■ AIM OF THE EXERCISE ■
Pictures excluded, copy all of the data below exactly.

═══ GIVEN INFORMATION ═══

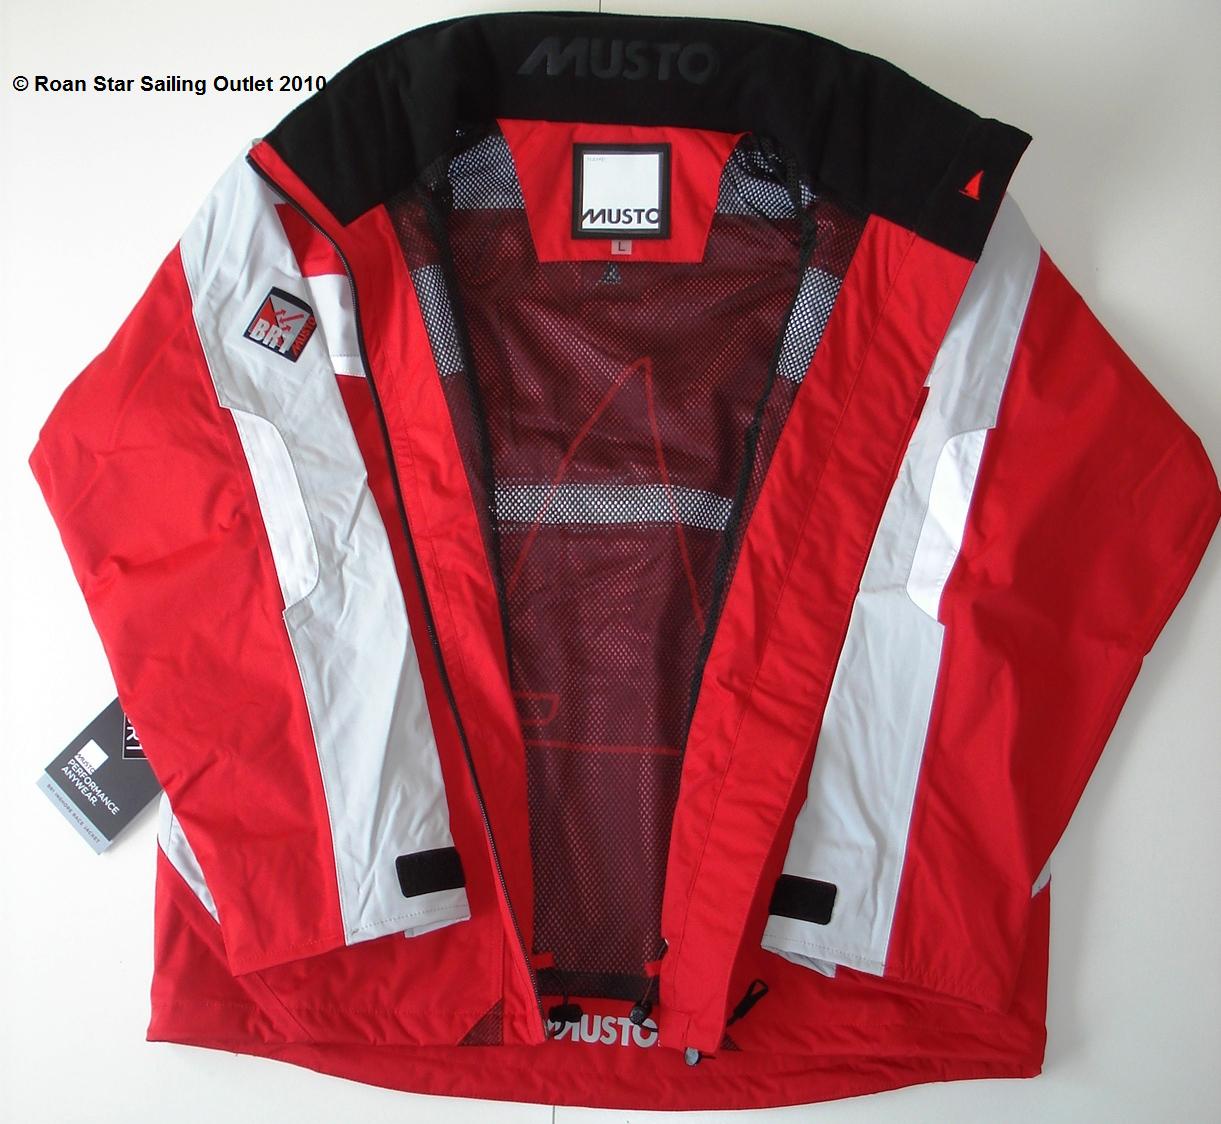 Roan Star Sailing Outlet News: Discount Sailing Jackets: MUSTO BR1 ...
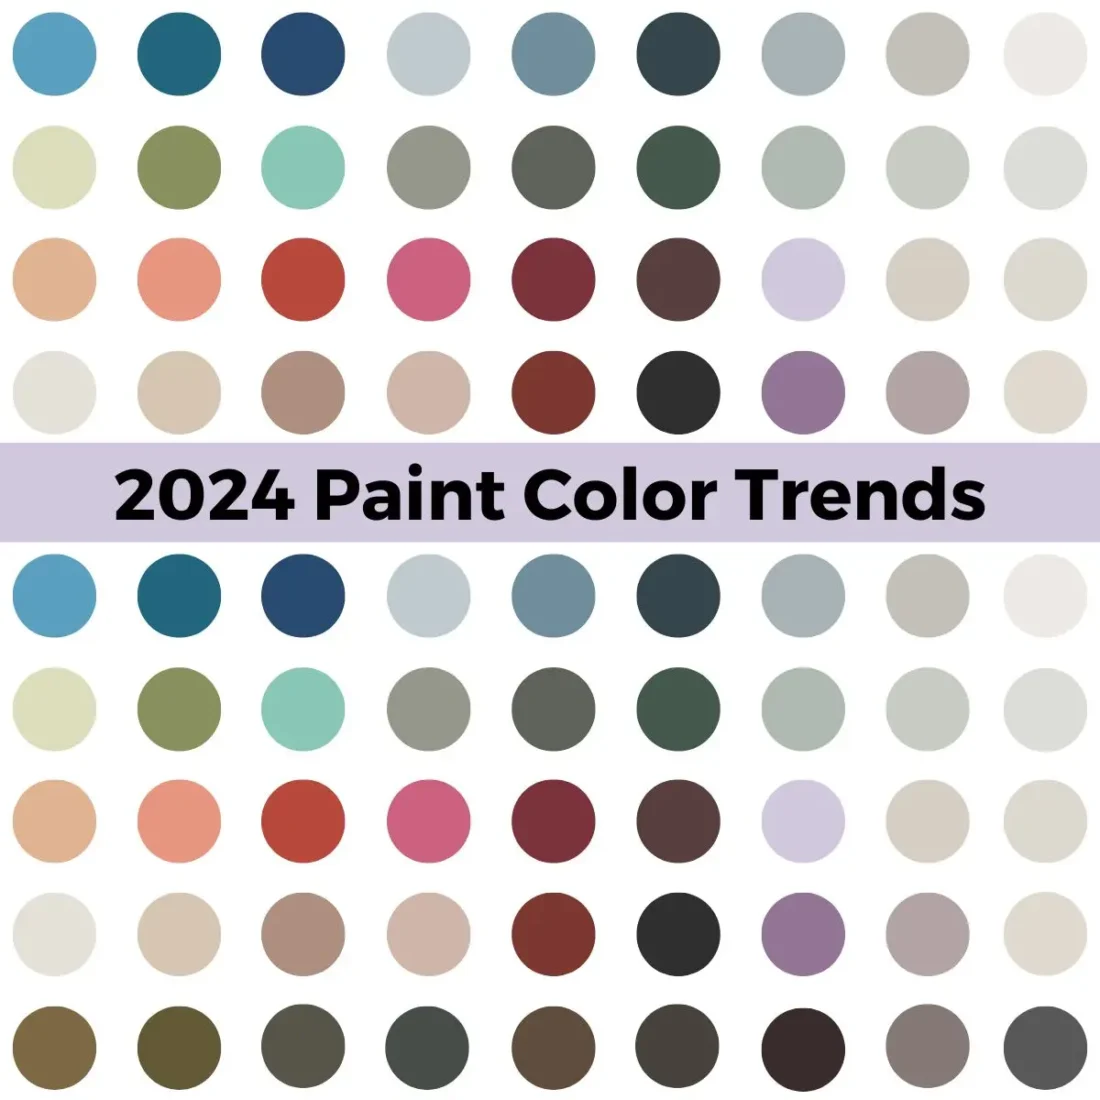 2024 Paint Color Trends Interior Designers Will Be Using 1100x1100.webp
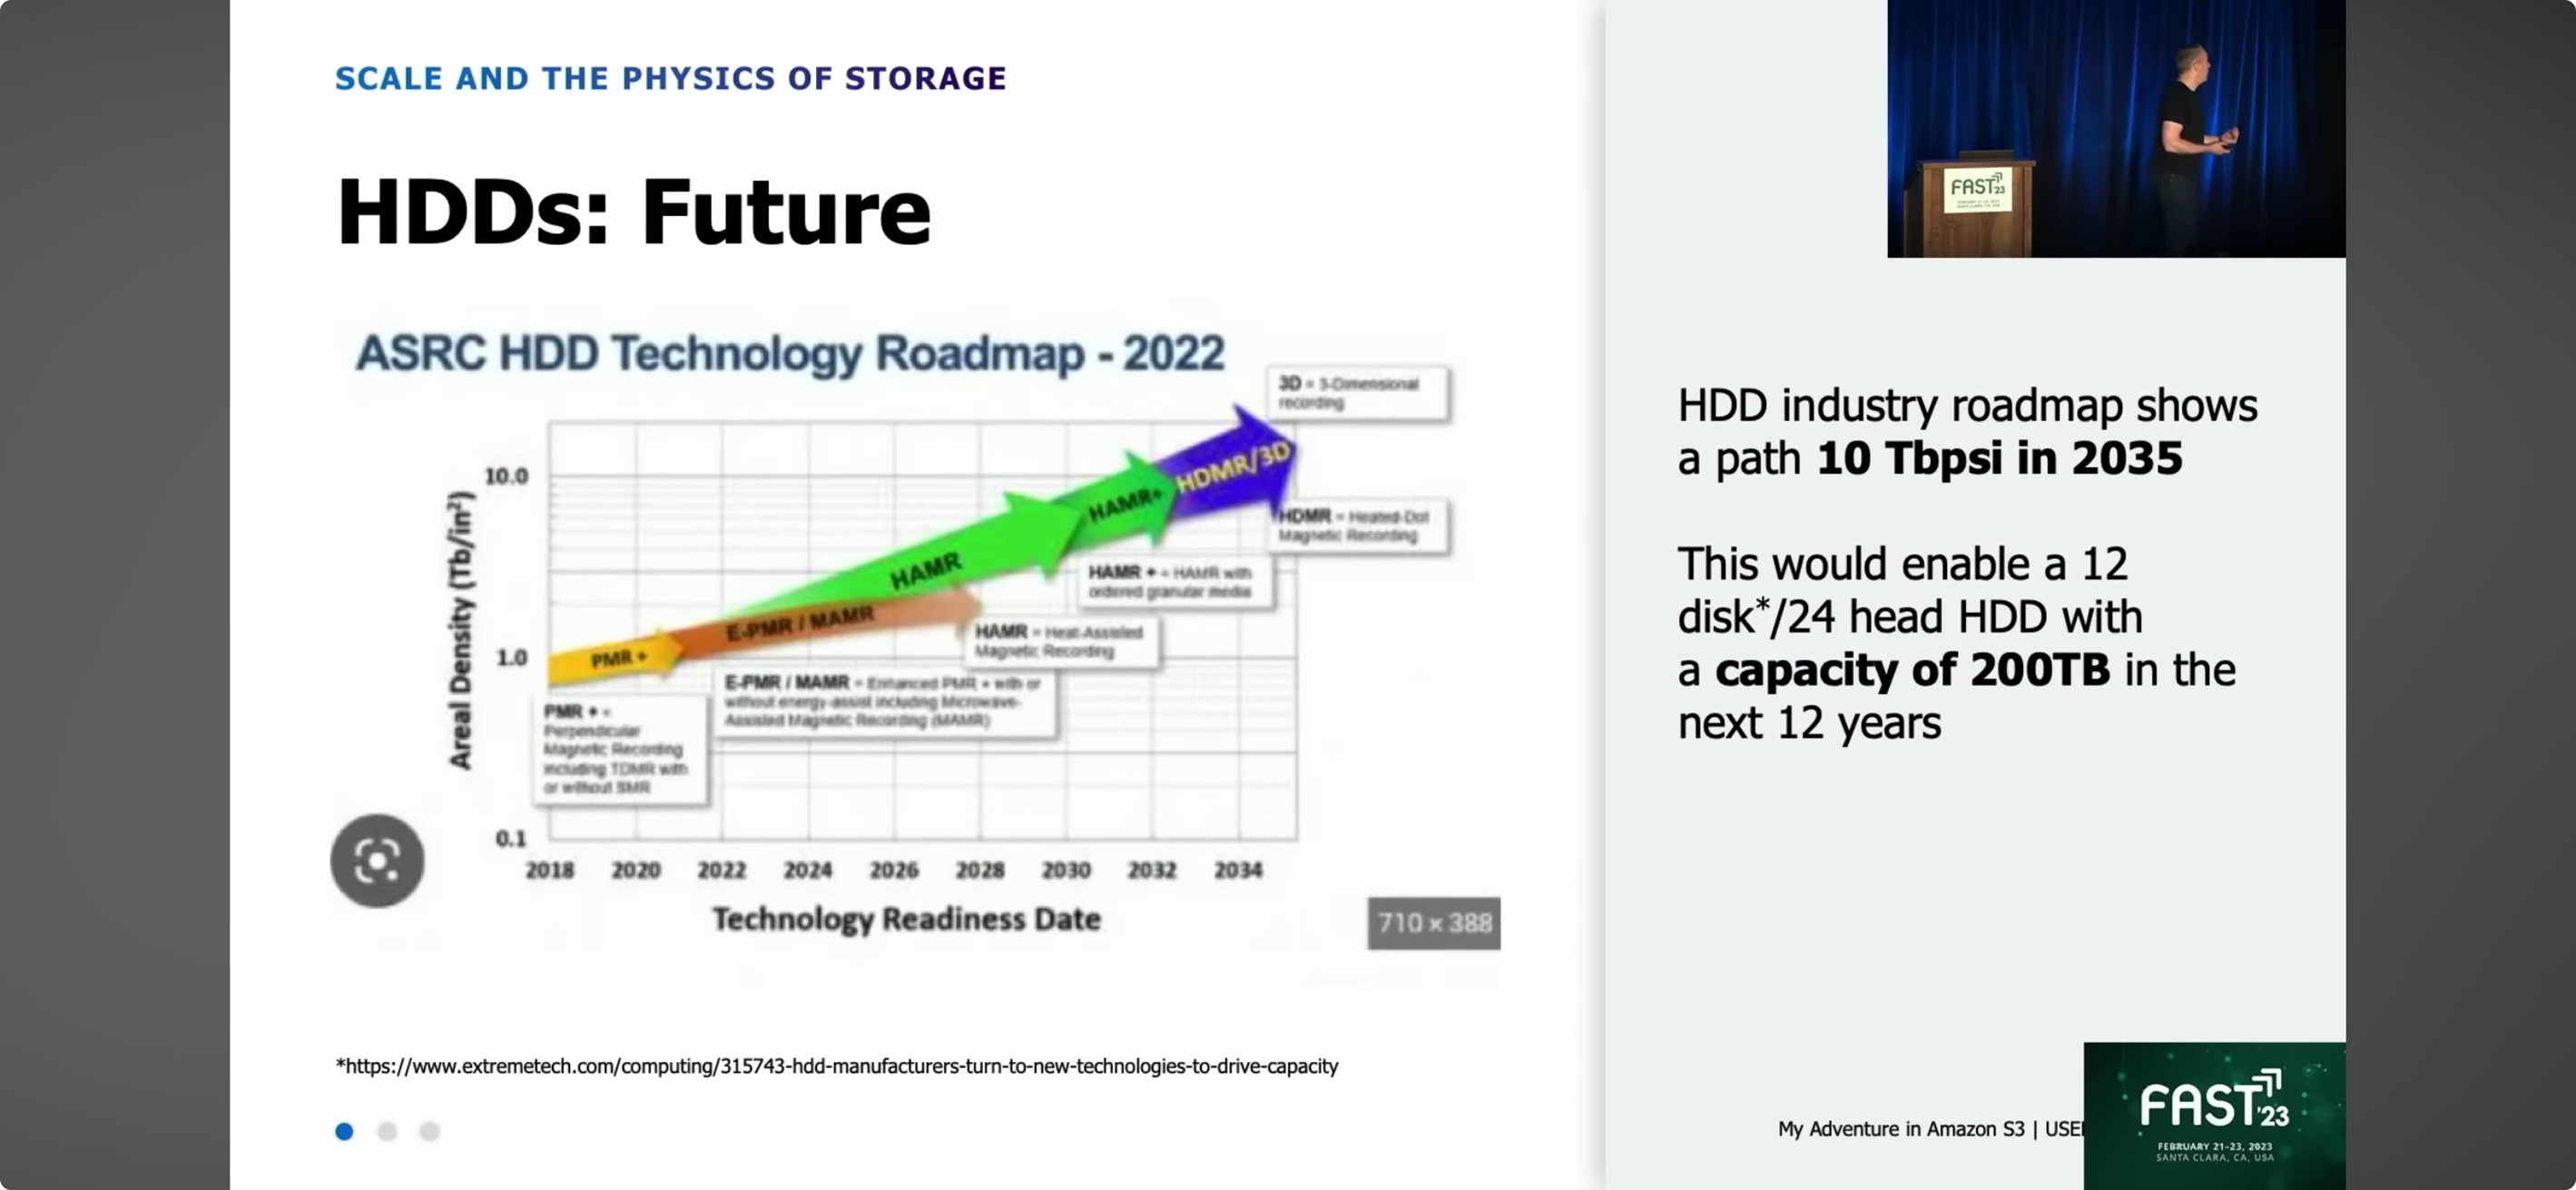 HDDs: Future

═══

■ ANSWER TO THIS PROBLEM ■
 Roan Star Sailing Outlet News: Discount Sailing Jackets: MUSTO BR1 ...
 2024 Paint Color Trends Interior Designers Will Be Using 1100x1100.webp
 HDDs: Future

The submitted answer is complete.